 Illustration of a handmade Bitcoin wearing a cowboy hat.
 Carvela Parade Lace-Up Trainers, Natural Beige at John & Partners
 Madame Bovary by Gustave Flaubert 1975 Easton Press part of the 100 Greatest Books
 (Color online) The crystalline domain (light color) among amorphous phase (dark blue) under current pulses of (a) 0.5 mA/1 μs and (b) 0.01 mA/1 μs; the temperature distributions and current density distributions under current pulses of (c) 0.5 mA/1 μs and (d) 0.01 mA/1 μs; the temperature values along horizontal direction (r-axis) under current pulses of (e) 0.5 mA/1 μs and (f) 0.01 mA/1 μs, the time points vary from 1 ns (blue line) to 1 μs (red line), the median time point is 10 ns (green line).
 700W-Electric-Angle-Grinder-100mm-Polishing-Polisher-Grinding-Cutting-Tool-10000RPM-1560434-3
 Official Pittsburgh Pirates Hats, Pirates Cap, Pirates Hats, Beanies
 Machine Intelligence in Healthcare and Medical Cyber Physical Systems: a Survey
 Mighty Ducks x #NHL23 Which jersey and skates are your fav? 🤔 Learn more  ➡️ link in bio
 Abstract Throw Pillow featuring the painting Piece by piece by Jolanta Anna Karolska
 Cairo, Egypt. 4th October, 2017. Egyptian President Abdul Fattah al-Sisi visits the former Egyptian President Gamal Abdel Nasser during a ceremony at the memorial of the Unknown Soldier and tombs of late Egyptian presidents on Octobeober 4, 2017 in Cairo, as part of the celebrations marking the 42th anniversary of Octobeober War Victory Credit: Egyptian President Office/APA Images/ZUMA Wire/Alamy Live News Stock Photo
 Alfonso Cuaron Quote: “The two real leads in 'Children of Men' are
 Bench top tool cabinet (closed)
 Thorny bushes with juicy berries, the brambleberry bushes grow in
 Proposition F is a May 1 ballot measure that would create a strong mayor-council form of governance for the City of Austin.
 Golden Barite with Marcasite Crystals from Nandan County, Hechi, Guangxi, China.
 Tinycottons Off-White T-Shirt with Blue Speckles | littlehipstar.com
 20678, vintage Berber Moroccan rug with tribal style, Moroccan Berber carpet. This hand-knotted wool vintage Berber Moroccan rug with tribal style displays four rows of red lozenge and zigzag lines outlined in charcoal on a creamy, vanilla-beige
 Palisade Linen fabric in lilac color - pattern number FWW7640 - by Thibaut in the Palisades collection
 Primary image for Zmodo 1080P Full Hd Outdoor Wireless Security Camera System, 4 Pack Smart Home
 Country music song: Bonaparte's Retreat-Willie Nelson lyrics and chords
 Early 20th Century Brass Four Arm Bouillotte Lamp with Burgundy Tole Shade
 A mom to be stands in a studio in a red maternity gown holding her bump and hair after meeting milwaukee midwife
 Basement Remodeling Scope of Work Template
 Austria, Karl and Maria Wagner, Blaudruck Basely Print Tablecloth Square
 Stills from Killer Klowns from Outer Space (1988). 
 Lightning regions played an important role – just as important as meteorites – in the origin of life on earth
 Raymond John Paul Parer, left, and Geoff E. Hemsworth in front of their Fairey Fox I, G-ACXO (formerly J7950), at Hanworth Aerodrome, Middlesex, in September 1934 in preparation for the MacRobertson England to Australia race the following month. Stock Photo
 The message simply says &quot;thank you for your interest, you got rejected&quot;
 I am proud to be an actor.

### THE PROBLEM
Both ends count here. Reproduce exactly the lines from the one containing "The message simply" through the end of the listing.

### RESULT OF THE EXERCISE
 The message simply says &quot;thank you for your interest, you got rejected&quot;
 I am proud to be an actor.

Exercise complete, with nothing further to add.